Practical Guide to Building Long-Term Persistent Memory for Agents - Internal Knowledge Base Document
1. Introduction
In real-world agent deployments, stateless design is the primary cause of degraded multi-turn interaction quality. Repetitive user questions, agents forgetting previous instructions, and the inability to leverage historical experience across sessions—these problems fundamentally stem from a missing memory system. This article revolves around the theory of memory layering, uses LangGraph as the main code thread, explains the complete setup process for short-term and long-term memory, and introduces PostgreSQL as a structured persistence solution.
Upon completion, readers will master: the architectural layering design of memory systems, context window management and state maintenance for short-term memory, vectorized storage and semantic retrieval for long-term memory, and lifecycle management strategies for memory data.
2. Memory Layering Model: Architectural Design from Short-Term to Long-Term
2.1 Three-Level Memory Model
The design of an agent’s memory system draws from the theory of memory layering in cognitive science. In practice, we generally divide it into three levels:
Short-term Memory is responsible for storing the raw input and output within the current session, typically the historical messages within the LLM’s context window. Its characteristics are frequent reading and writing, limited capacity (constrained by the model’s token limit), and it is mainly used to maintain the coherence of a single conversation.
Working Memory tracks the status of tasks the agent is currently executing. For example, if a user asks “first check the weather, then book a hotel,” working memory maintains a task stack, recording which step is currently being executed and which subtasks have been completed. When the agent needs to temporarily switch to a subtask (e.g., checking COVID testing policies while checking the weather), working memory ensures the main task can be resumed.
Long-term Memory stores important knowledge across sessions, including user preferences, business rules, and key summaries of historical conversations. The carriers for long-term memory are typically external storage systems (vector databases, relational databases) that need to support persistence, efficient retrieval, and expiration cleanup.
The collaborative relationship among the three levels during agent runtime is as follows: After receiving user input, the agent first retrieves relevant context from long-term memory, concatenates it with short-term memory, and sends it to the LLM. Meanwhile, working memory manages the execution flow of the current task stack. Any valuable interaction result, after importance evaluation, is written back to long-term memory.
2.2 Enterprise Necessity of Long-Term Memory
In enterprise agent scenarios, long-term memory is not just a feature enhancement but a prerequisite for system availability. Below are typical cross-session requirements:
- User Preference Learning: User A prefers “detailed technical documentation,” User B prefers “concise summary descriptions.” Long-term memory needs to record these preferences and automatically apply them in subsequent interactions.

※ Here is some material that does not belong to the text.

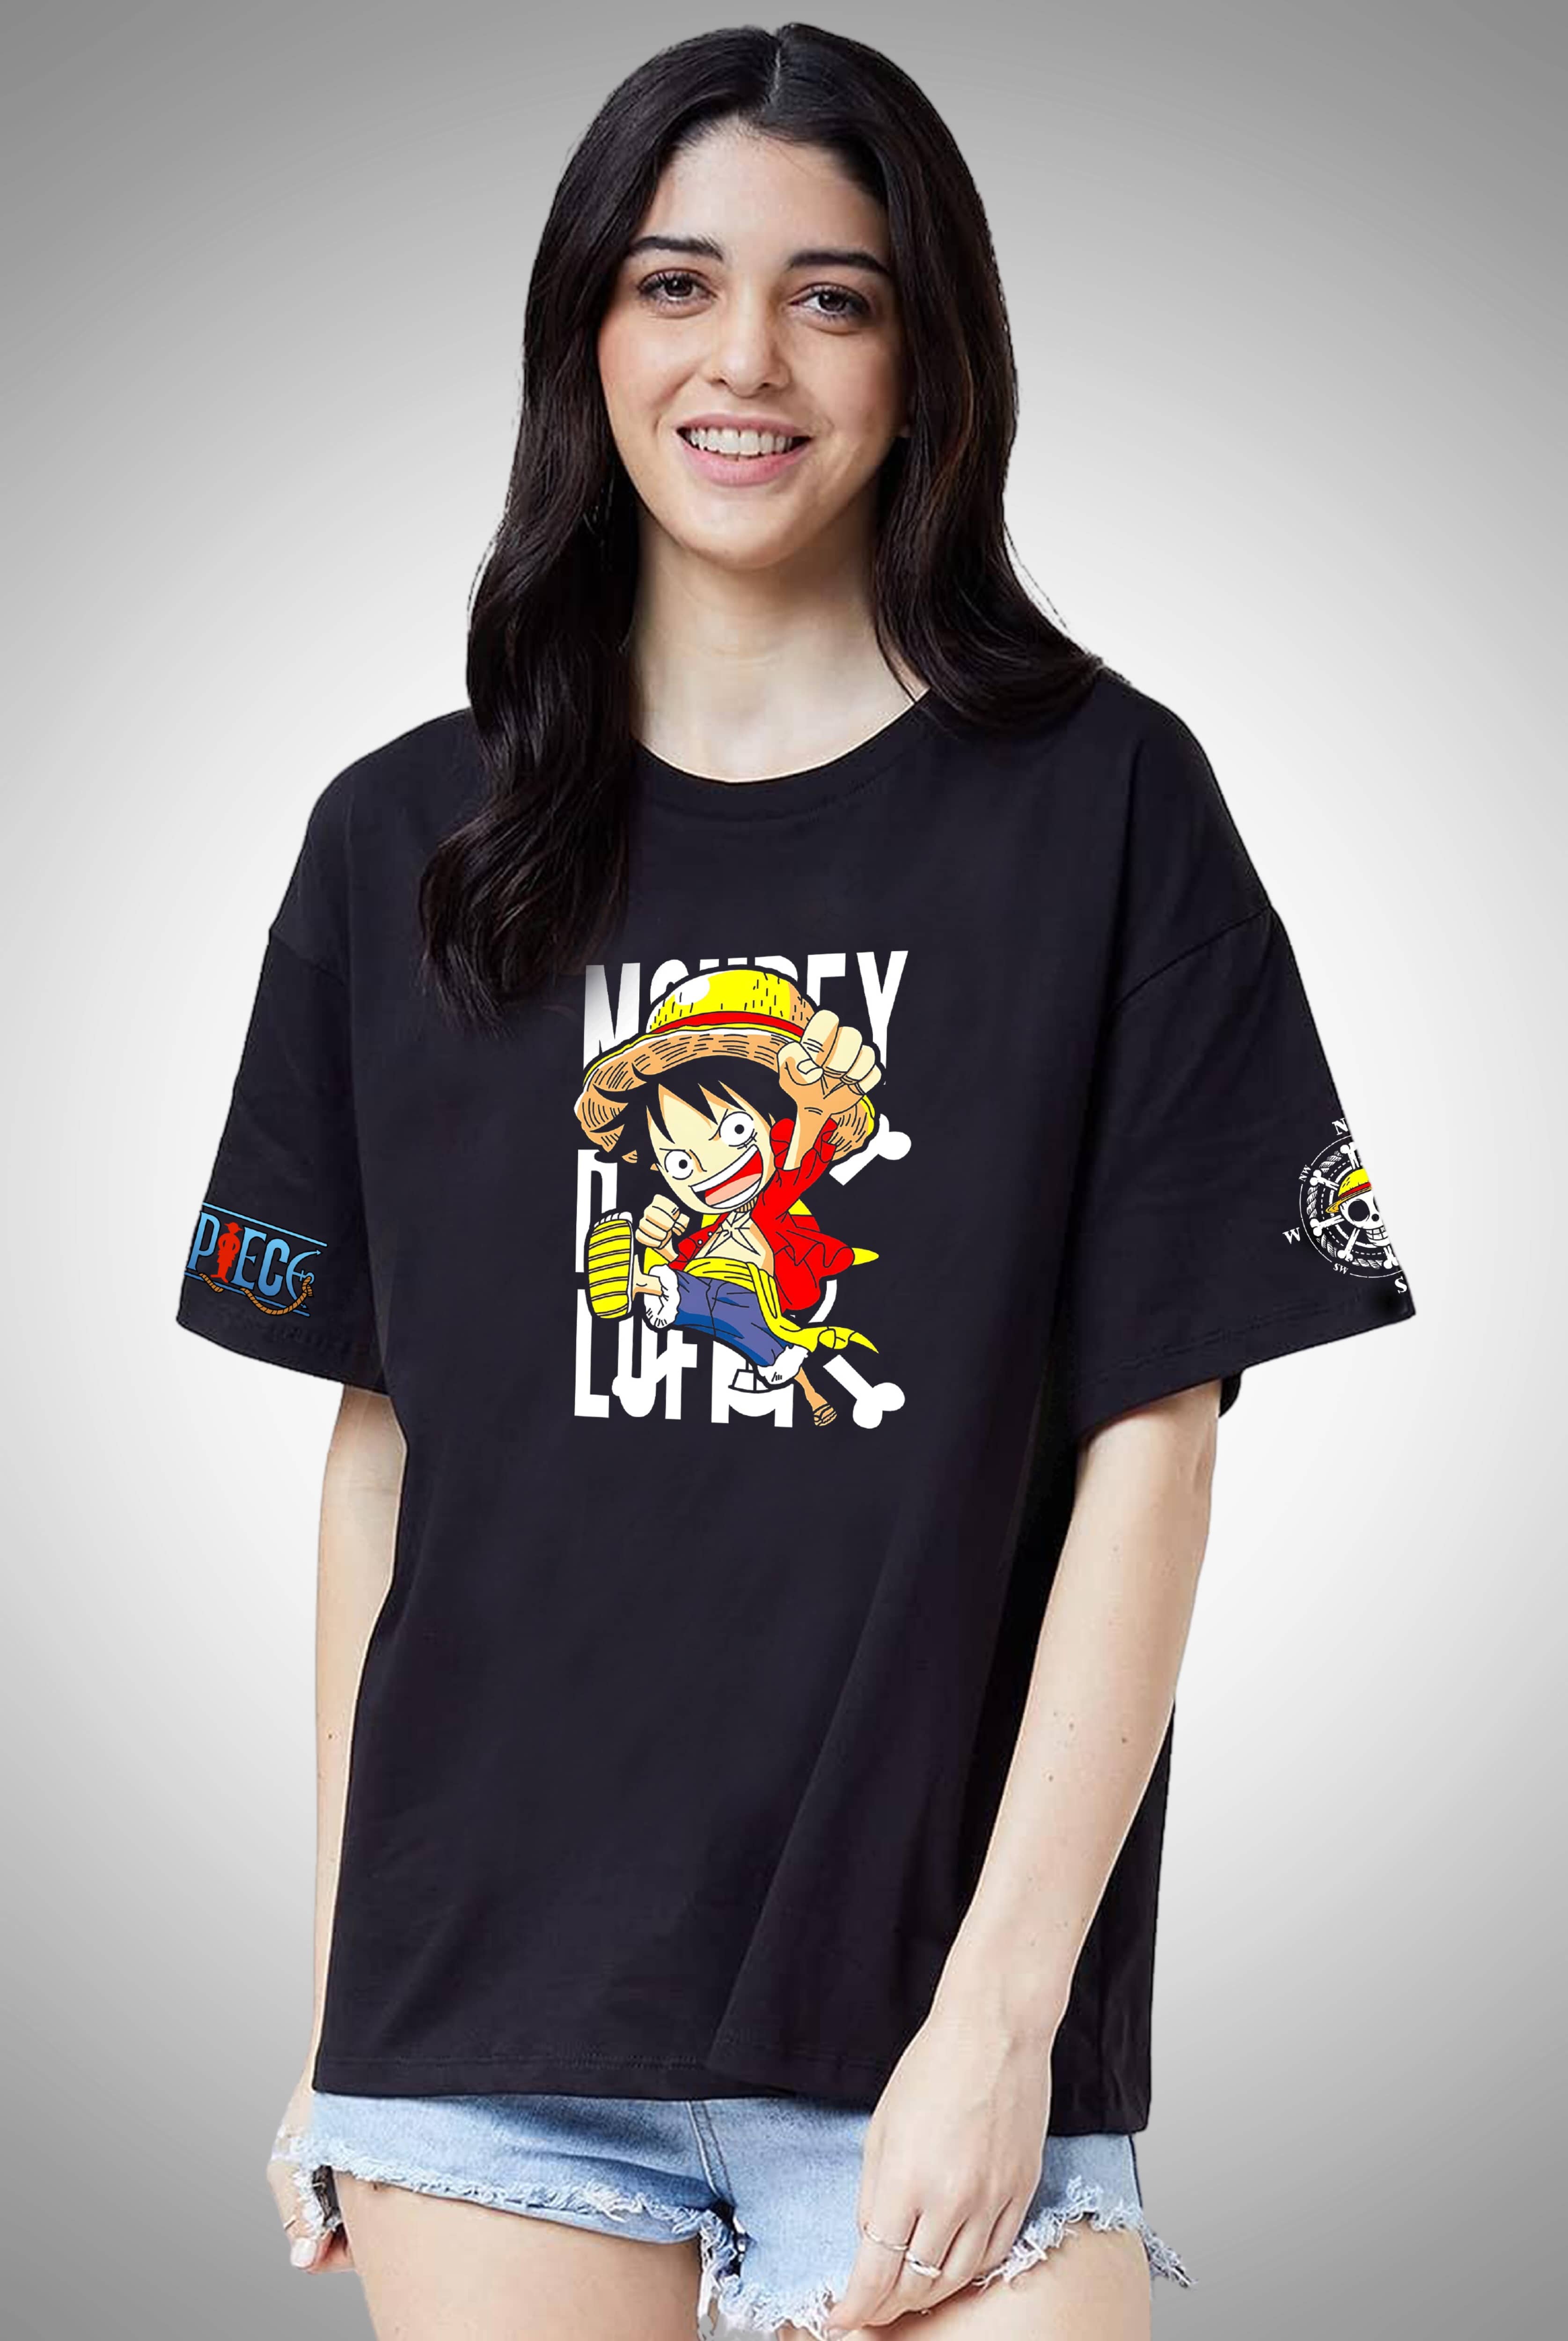 Monkey D Luffy Women's Oversized Anime T-Shirt

- Knowledge Reuse: A department confirmed a specific technical solution during client communication last month. During the next interaction, the agent should be able to reference the historical minutes to avoid redundant discussion.
- Contextual Reasoning: A user asks about “login failure issues” on Monday and then asks “Do I still need to update the certificate?” on Tuesday. The agent needs to associate this with the login failure scenario from the previous day’s long-term memory to provide the correct advice.
Without long-term memory, an agent is essentially an empty shell model that reinitializes with every conversation, unable to accumulate experience or build user trust.
3. Short-Term Memory Implementation: Context Window Management and State Maintenance
3.1 Sliding Window Truncation Strategy
The most basic management strategy for short-term memory is the sliding window—keeping only the most recent N rounds of conversation. Suppose the business requires the agent to remember the last 5 rounds of user input and assistant responses, then the window size is 10 messages (5 inputs, 5 outputs). Messages outside this range are simply discarded.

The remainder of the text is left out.